## FANDOM

9 Pages

Linear motion is when an object moves on a straight line.There are two types of linear motion: uniform linear motion (when the acceleration is zero and the velocity is constant) and non uniform linear motion (when the acceleration isn't zero and the velocity is varriable).

## Uniform Linear Motion

In uniform linear motion the velocity is constant so the kinematic equations are:

$v = \frac{\Delta x}{\Delta t}$ (1.1)

$x = v\Delta t$ (1.2)

$t = \frac{\Delta x}{v}$ (1.3)

## Non-Uniform Linear Motion

In non-uniform motion the velocity isn't constant since there is some acceleration $a$.

The kinematic equations for constant acceleration are:

$v_f = v_i + at$ (2.1)

$x = v_it + \frac{1}{2}at^2$ (2.2)

Here,

$v_i$ is the initial speed,

$v_f$ is the final speed,

$t$ is the time

$a$ is the acceleration (it can be either positive or negative)
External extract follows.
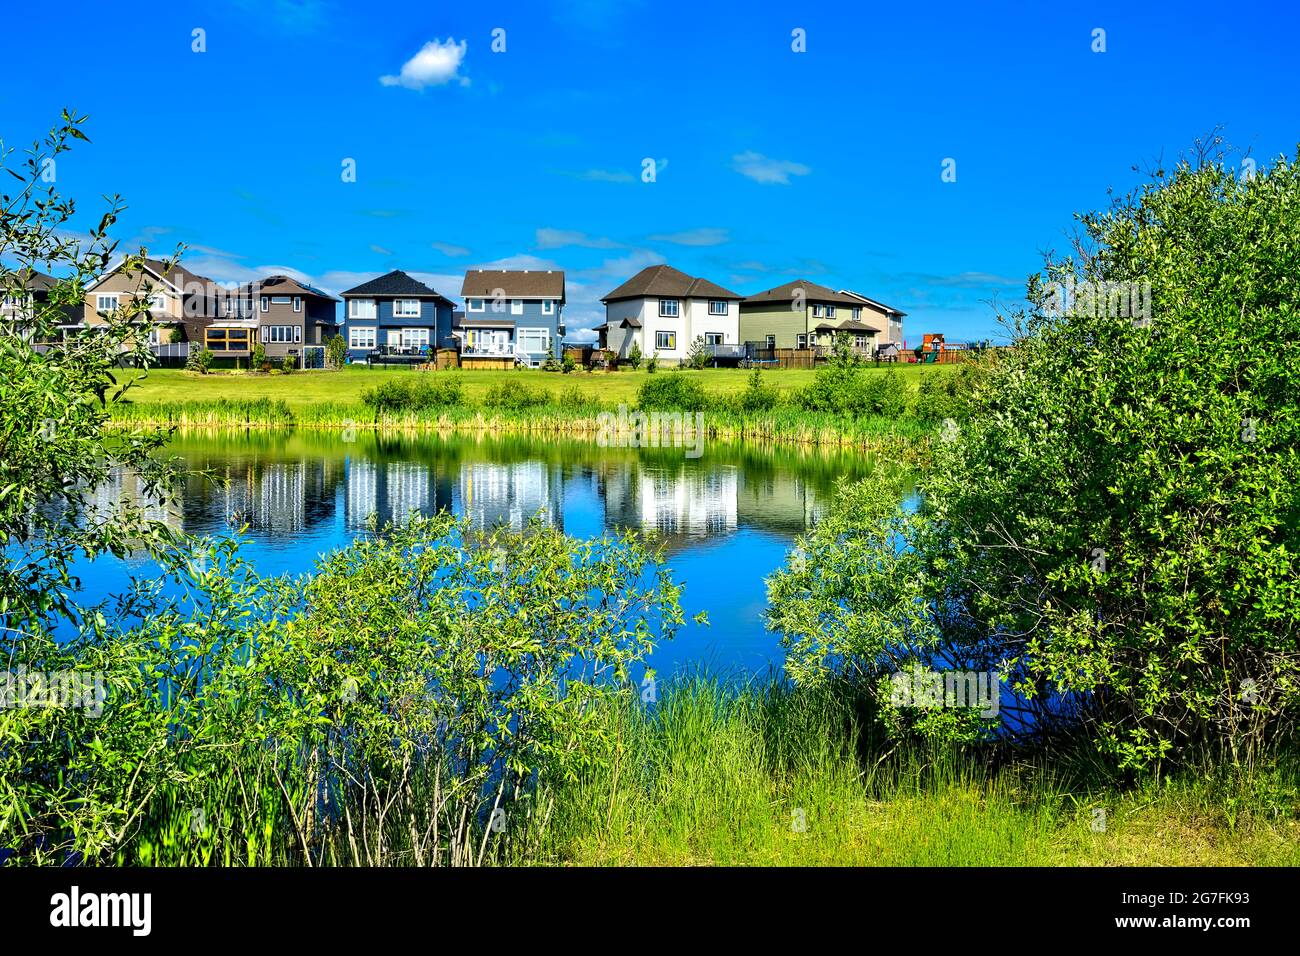 Eine urbane Landschaft mit Grünflächen, einem Teich, Häusern und blauem Himmel in Morinville, Alberta, Kanada. Stockfoto

## Mathematical proof for the above formulas

$a = \frac{dv}{dt}$

$dv = adt$

$\textstyle \int\limits_{v_i}^{v_f} dv = \textstyle \int\limits_{0}^{t} adt$

$v_f - v_i = at$

$v_f = v_i + at$ (2.1)

$v = \frac{dx}{dt}$

$\frac{dx}{dt} = v_i + at$ (from (2.1))

$dx = (v_i + at)dt$

$\textstyle \int\limits_{0}^{x} dx = \textstyle \int\limits_{0}^{t}(v_i + at)dt$

$x = v_it + \frac{1}{2}at^2$ (2.2)